Die Beschwerden reichen von postprandialem Völlegefühl, Kurzatmigkeit und Anämie bis hin zu lebensbedrohlichen Inkarzerationen
Manche der überwiegend älteren Patienten sind klinisch vermeintlich asymptomatisch, weisen allerdings bei sorgfältiger Anamnese Symptome auf, die zum Teil dem physiologischen Alterungsprozess zugeschrieben werden – wie Kurzatmigkeit, Völlegefühl, Regurgitation und retrosternales Druckgefühl [2]. Die Beschwerden verstärken sich postprandial durch die intrathorakale Verdrängung von Lunge und Herz durch den gefüllten Magen (ähnlich dem Roemheld-Syndrom). Ein anfangs bestehender Reflux weicht mit zunehmender Erkrankungsdauer durch Abknicken des Mageneingangs einer Magenentleerungsstörung. Erstsymptome sind bei über 30 Prozent der Patienten eine Eisenmangelanämie oder Synkope. Ursache hierfür sind weniger okkulte chronische Stauungsblutungen, als vielmehr Resorptionsstörungen von Eisen und Vitamin B12. Eine akute Inkarzeration oder ein Volvulus des Magens sind zwar selten (Abb. 2, 3a), dann jedoch lebensbedrohlich. Neben dem kompletten Magen können auch Dünndarm, Dickdarm oder andere Organe hernieren, was als Entero­thorax bezeichnet wird.
 

Diagnostik: Eine Magendurchleuchtung ist für die Operationsplanung entscheidend
Häufig kann die Diagnose schon anhand der typischen Symptome gestellt werden. Manchmal ergibt sie sich zufällig im Rahmen einer Röntgen-Thorax-Aufnahme oder eines anderweitig veranlassten Computertomogramms. Pathognomonisch sind eine retrokardiale Luftsichel mit Flüssigkeitsspiegel in der Magenblase, im Extremfall mit Mediastinalverlagerung (W Abb. 2).
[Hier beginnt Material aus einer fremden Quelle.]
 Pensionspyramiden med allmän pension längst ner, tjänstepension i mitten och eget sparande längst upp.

Eine Magen-Durchleuchtung bestätigt die Diagnose und ist für den Chirurgen die wichtigste Untersuchung (W Abb. 3). Sie klärt nicht nur die Lagebeziehung von Ösophagus, Kardia und Magen zueinander, sondern macht auch Aussagen zu Magenein- und abstrom des Kontrastmittels. Obligat ist auch eine Gastroskopie, während pH-Metrie und Manometrie allenfalls bei kombinierten Hernien mit Refluxbeschwerden einen Stellenwert haben [1]. Bewährt hat sich die Messung des gastrointestinalen Lebensqualitätsindex nach Eypasch sowohl prä- als auch postoperativ mittels eines standardisierten Fragebogens [3]. Bei 36 Fragen können höchstens 144 Punkte erreicht werden, wobei die Normalbevölkerung einen Durchschnittswert von 125,8 erreicht [3]. Bei Patienten mit paraösophagealen Hernien ist die Lebensqualität nach unserer Erfahrung klinisch relevant auf Werte zwischen 80 und 100 erniedrigt [4].
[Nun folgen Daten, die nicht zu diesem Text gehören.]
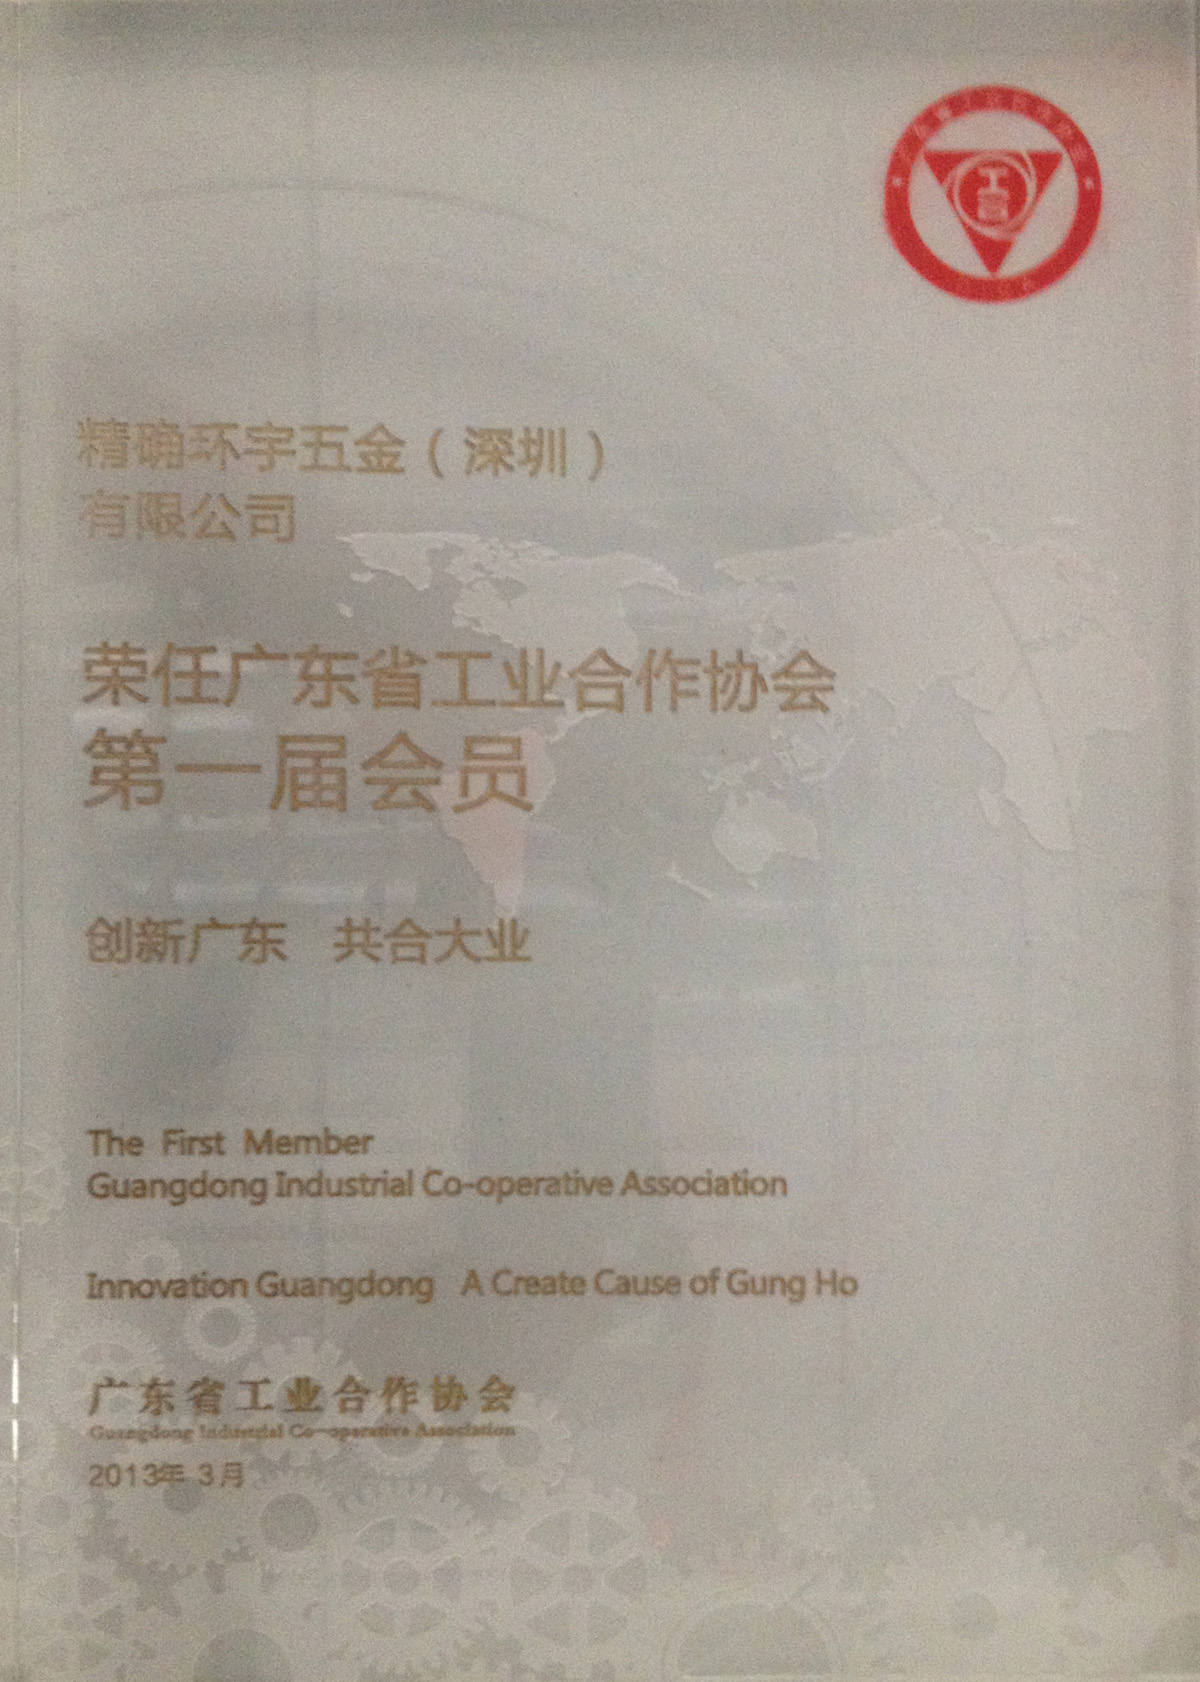 加入“广东工业合作协会”成为正式会员

Patienten mit Upside-down-Magen sind in der Regel in einem fortgeschrittenen Lebensalter. In unserem Patientengut beträgt das Durchschnittsalter 67 Jahre. Dennoch ist selbst bei Patienten im Alter von über 80 Jahren die Indikation zur Operation mit der Diagnosestellung gegeben, wenn die Patienten nicht multimorbide sind. Außer einer geringfügigen Verlängerung der Liegezeit von 5,1 auf 6,7 Tage konnten wir beim Outcome keinen Unterschied zwischen Patienten unter und über dem 80. Lebensjahr feststellen [4]. Auch beschwerdearmen Patienten sollte die Operation nahegelegt werden, da unbehandelt rund ein Drittel der Patienten mit Upside-down-Magen ein kompliziertes Stadium mit Anämie oder Passagestörung bis hin zur Inkarzeration entwickeln kann. Bei stark adipösen Patienten ist die Möglichkeit eines primär bariatrischen Eingriffes in Betracht zu ziehen, da die alleinige Hernienversorgung häufig zu Rezidiven führt und einen späteren bariatrischen Eingriff erschwert.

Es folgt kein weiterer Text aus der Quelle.